Glastonbury For The Over 50s

As readers of my bucket list will be aware, Glastonbury Festival has been something I’ve wanted to go to for years, and this was the year I managed it.

First, let me kill the idea that it’s a festival for kids.  It’s not.  Far from it.  Even before I went I was unrepentant when faced with the “Aren’t you too old for that?” question.  My reply was: “If Mick Jagger is not too old to headline the Pyramid stage on Saturday night then I’m sure as hell not too old to stand there and listen.”

For those of you who read my previous post ‘Are Festivals for You?’ (and if you haven’t, why haven’t you?) then you will know that the average age of the audience at Reading Festival was somewhere between a short jail term for a wayward teacher and having a proper job which does not require pinning stars on your chest, asking if you want chips with that and commanding everyone to ‘Enjoy!’

Glastonbury was a very different kettle of fish.  I regularly was not the oldest person in my immediate eyesight.  OK I accept that is not as far as it once was but surely that makes my point all the stronger.  There were certainly far more over 40s and 50s (and possibly over 60s unless hippie life had just treated them harshly) and far fewer under 20s than at Reading.

And it’s not just about music either, there’s a circus. film tent, market stalls and craft workshops to name but a few of the alternatives to the 30-odd music stages hosting diverse bands for 12 hours every day of the three day event.

Clearly the highlight was The Rolling Stones who gave a masterclass to every other band on how to win an audience, keep them and send them back to their tents believing they had just been part of history.

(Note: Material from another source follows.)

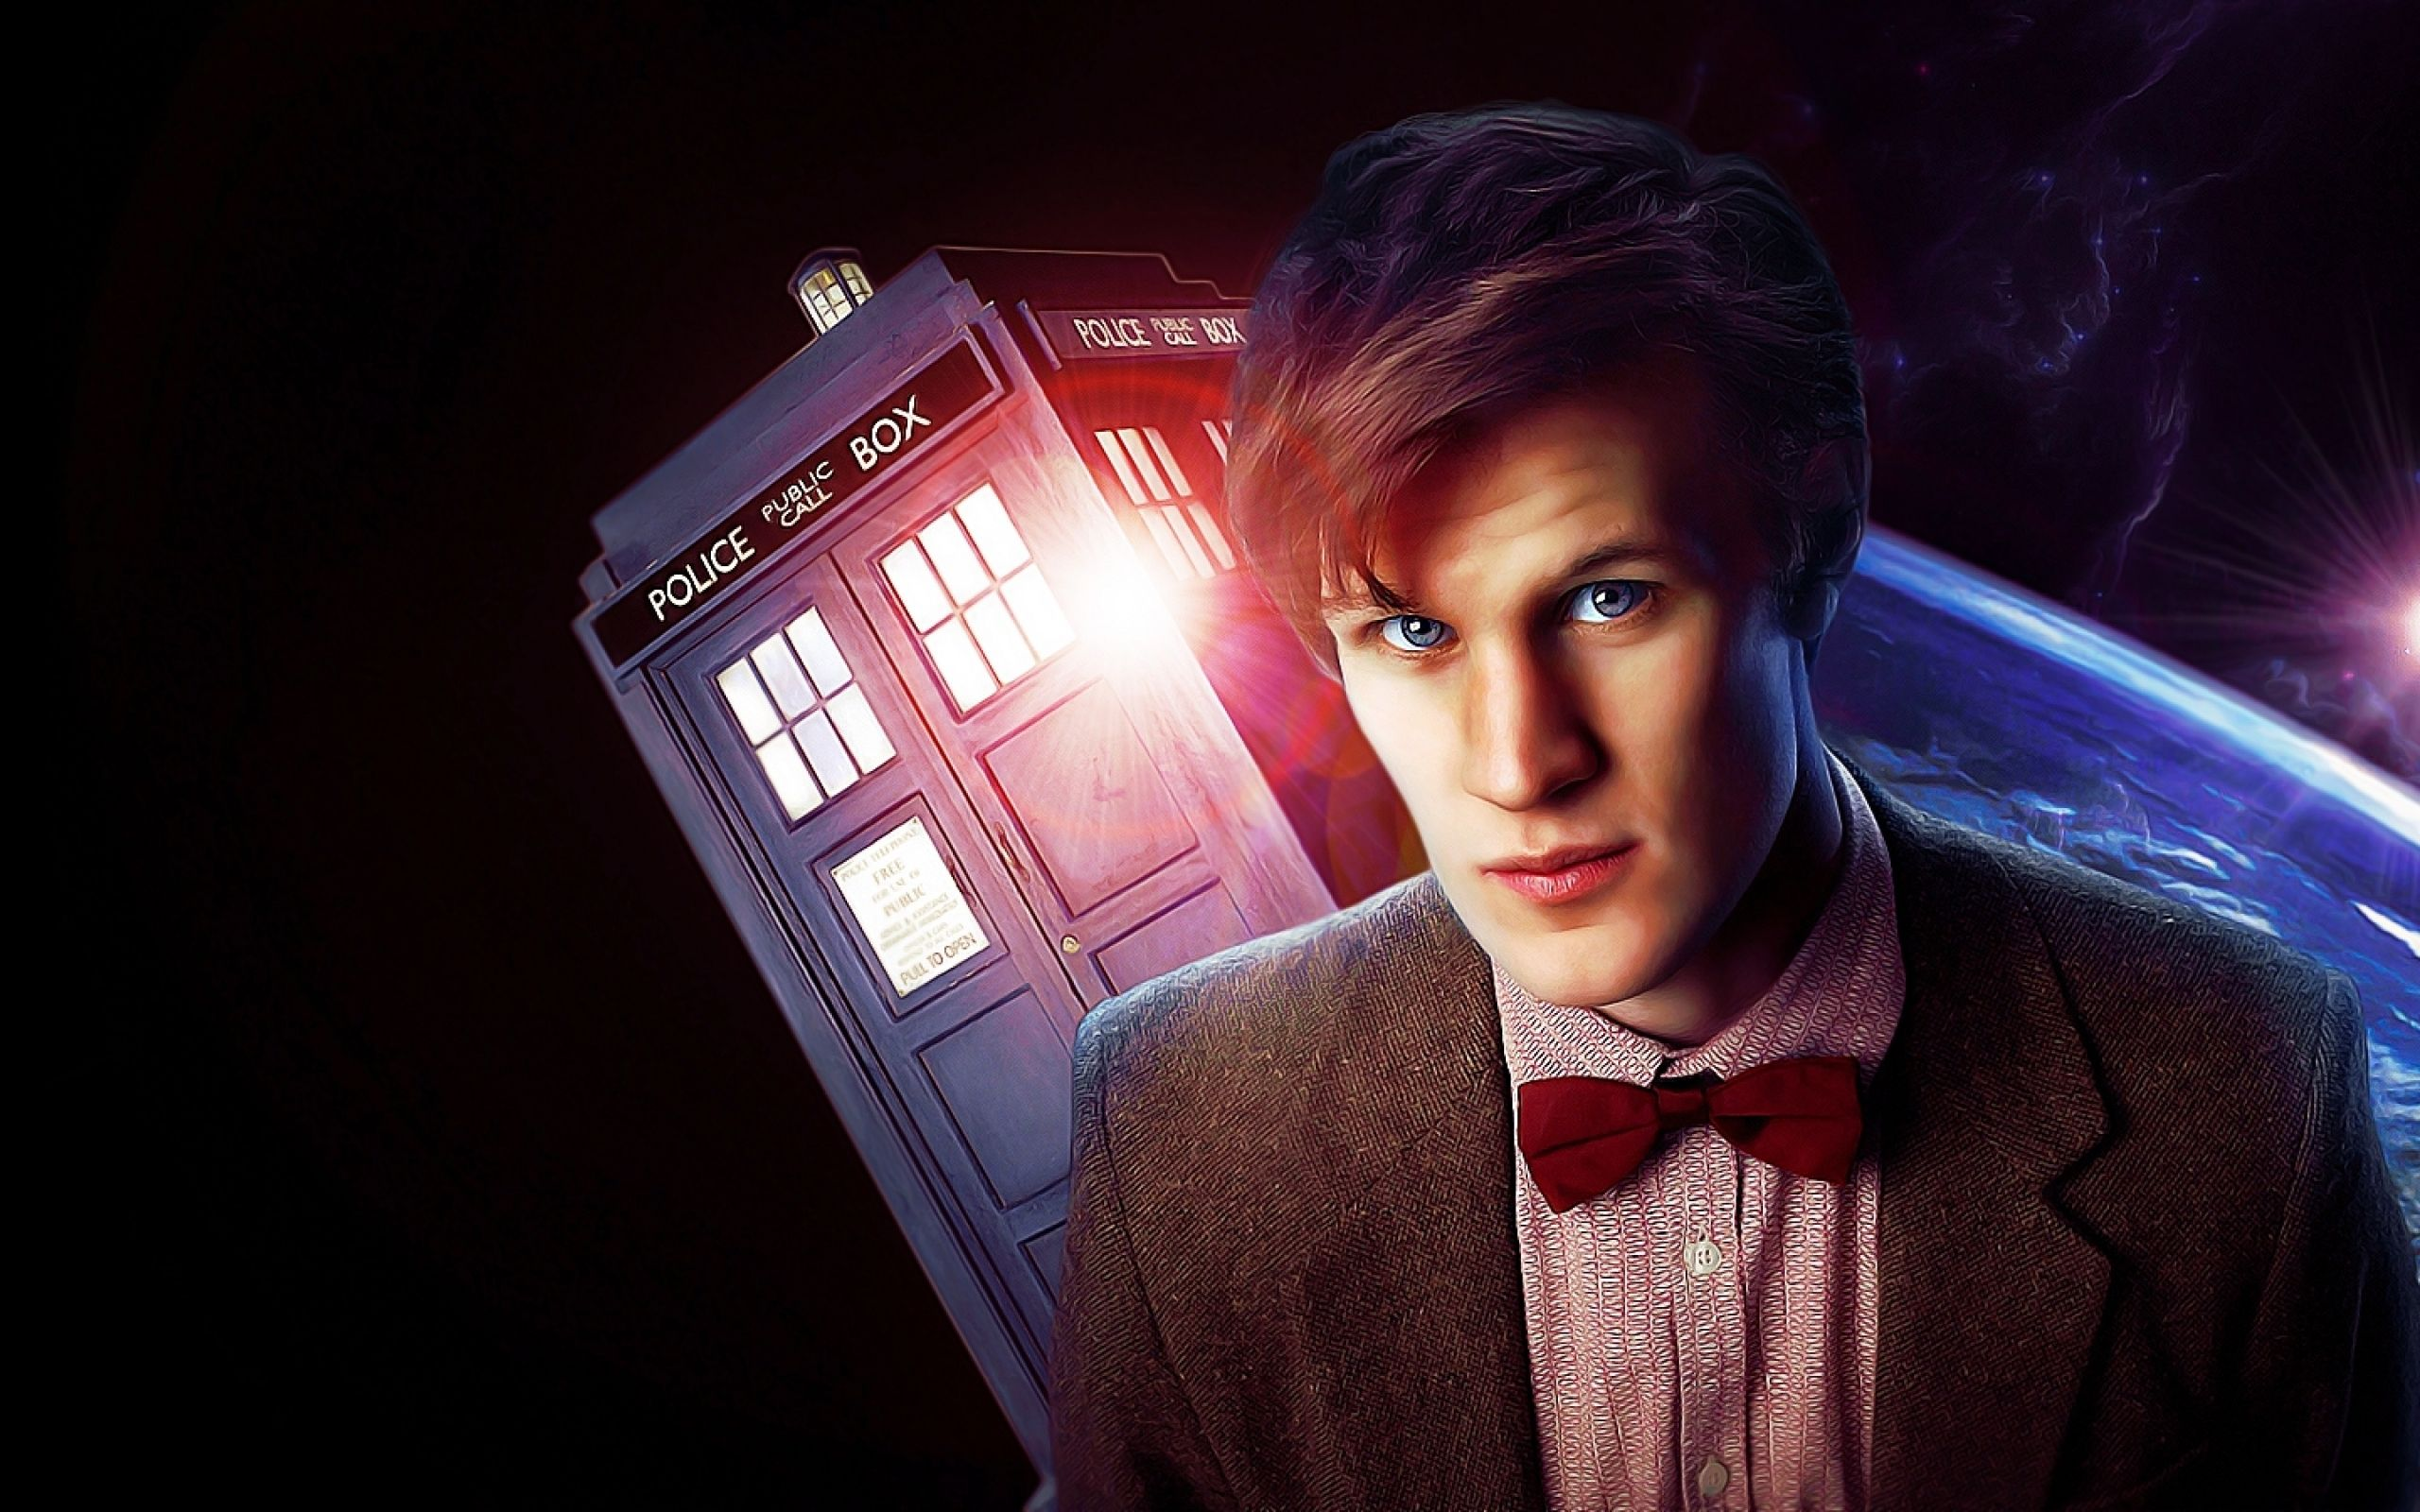 Tardis Matt Smith Eleventh Doctor Doctor Who 1600x900 Wallpaper Art Hd Wallpaper Doctor Who Wallpaper Doctor Who Matt Smith
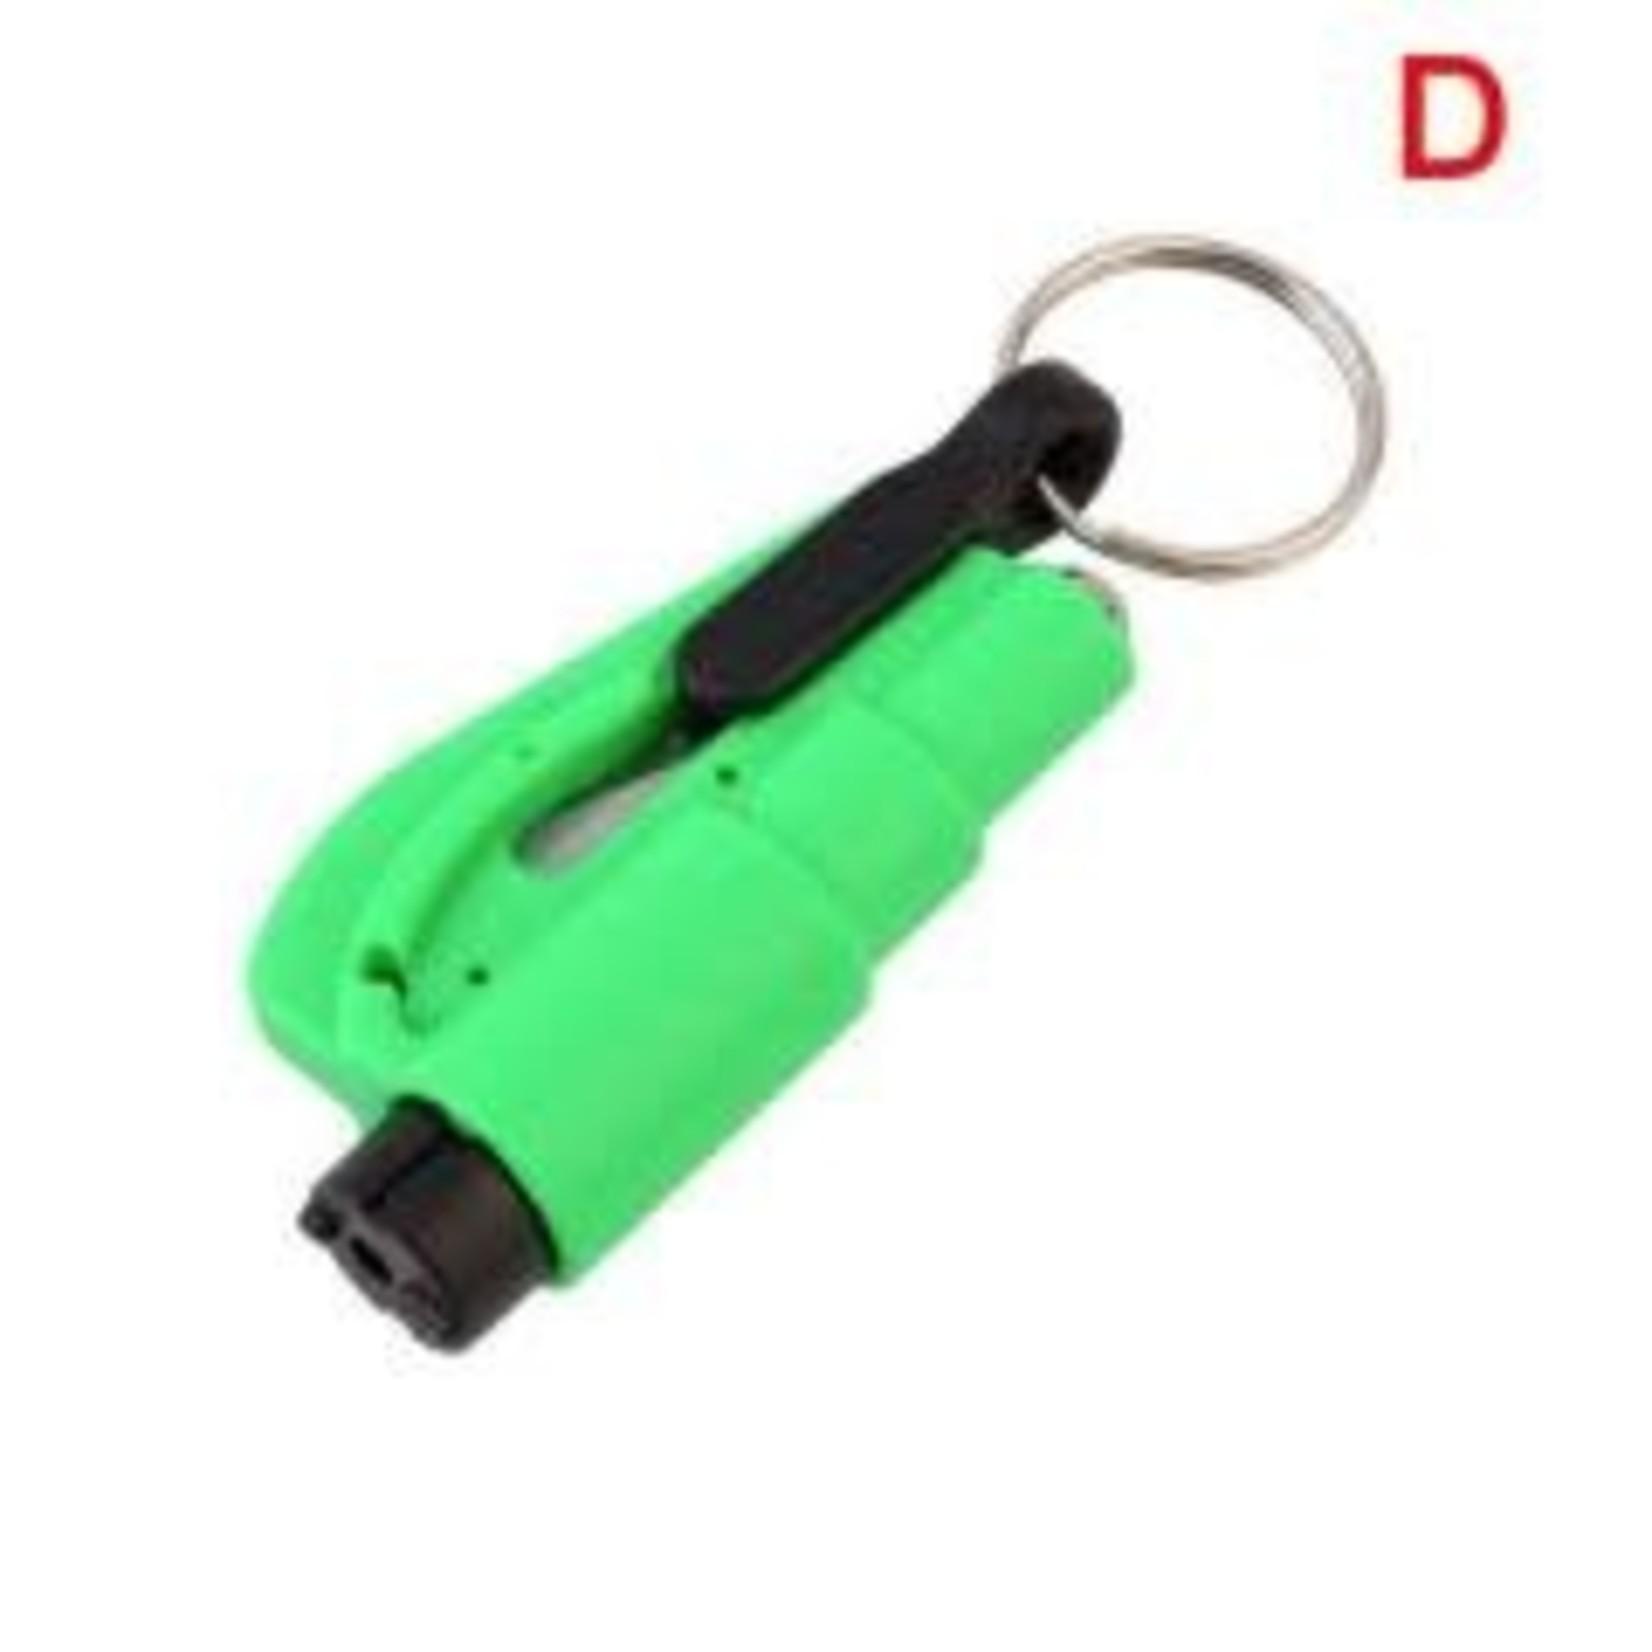 306 Tactical Keychain Car Emergency Rescue

Mick Jagger was still remarkably mobile for a septuagenarian, not quite the parody of himself he’d become in recent performances. Keith Richards prowled the stage like a lion well aware he would never be replaced in the herd – although giggling after every sentence was perhaps a clue that he’d found a suitable alternative to sanatagen.  Ronnie Wood just kept wandering to the front of the stage every now and again to prove what a fantastic guitarist he is, even during a guest appearance by former Stone Mick Taylor.   And the inimitable Charlie Watts looking like a serial killer in a cardigan, made the drum kit his own.

But with a back-catalogue like theirs it’s much easier to play an endless stream of hits – a problem which affected Mumford and Sons the following evening when they blew their two hits too early and ended up borrowing ‘With a little help from our friends’ for their finale.

The hippie fraternity is still there but perhaps not in the numbers that helped The Levellers storm the main stage in 1994, which might be why a similar folky ensemble struggled so much this year.

Yet despite my learning experience at Reading I still picked up some snippets of information and interesting observations while in Somerset, which I’d like to share with you.  Perhaps because of the location, I was nevertheless amazed how popular cider is among festival goers. There wasn’t a Belgian beer to be seen and I only spotted a couple of cans of Old Speckled Hen the entire weekend.

At Reading I was struck by how many places were offering to charge mobile phones for £5 an hour. At Glastonbury big business had stepped in to snuff out the budding entrepreneurs.  EE had a recharge tent where you could go to charge your phone and try out their 4G network to stream video from the Glastonbury app. Ironic, given I would imagine the average Glastonbury goer could far more easily afford £5 than the kids at Reading.  By the way there are no poor people at Glasto with an above average number of Clarissas who had presumably arranged for someone else to ride their pony over the weekend.

The longevity of Glastonbury – started in 1970 (the day after Jimi Hendrix died) –  prompted me to recall some old adages and sayings.  I wondered if they still held true.

I was reminded of the phrase that some people were so poor they did not even have a pot to p*ss in.  I can certainly vouch for the fact this is very important if you want to avoid wandering about in the dark, tripping over tent guide ropes, cider cans and other debris on your way to the toilets after one or two of the aforementioned ciders.

It’s important you can ‘hold your drink’ was another piece of guidance I was given many years ago.  This year all Glastonbury-goers received an email saying alcohol was allowed to be taken on site but you must be able to carry it yourself without the aid of a trolley or other wheeled device.  See! Still true all these years later.  In fact I would go further and say that if you ever intend to drink more alcohol than you are capable of carrying, it’s likely to be too much.

‘Shoes matter!’. They certainly do if it’s a mudbath. Good sensible wellies and boots were well in evidence.  Most of them Hunters of course. In fact I’d have worn mine but after only a couple of years infrequent use they have split on a seam. (Not impressed – if there is anyone out there from Hunters.)

But by far my favourite line overheard during the long weekend was uttered by a girl in a neighbouring tent.  Out of nowhere, and presumably while she was busying herself in her tent, I heard her say: “I fuc*ing love faffing.  I could do it all bloody day.  It’s so relaxing.” Well said love.  (Oxford English Dictionary definition of ‘faff’ – ‘spend time in ineffectual activity’. Origin late 18th century.)

Perhaps the world needs more faffers and fewer people who interfere when you’re not harming anyone.  Faff on my friends.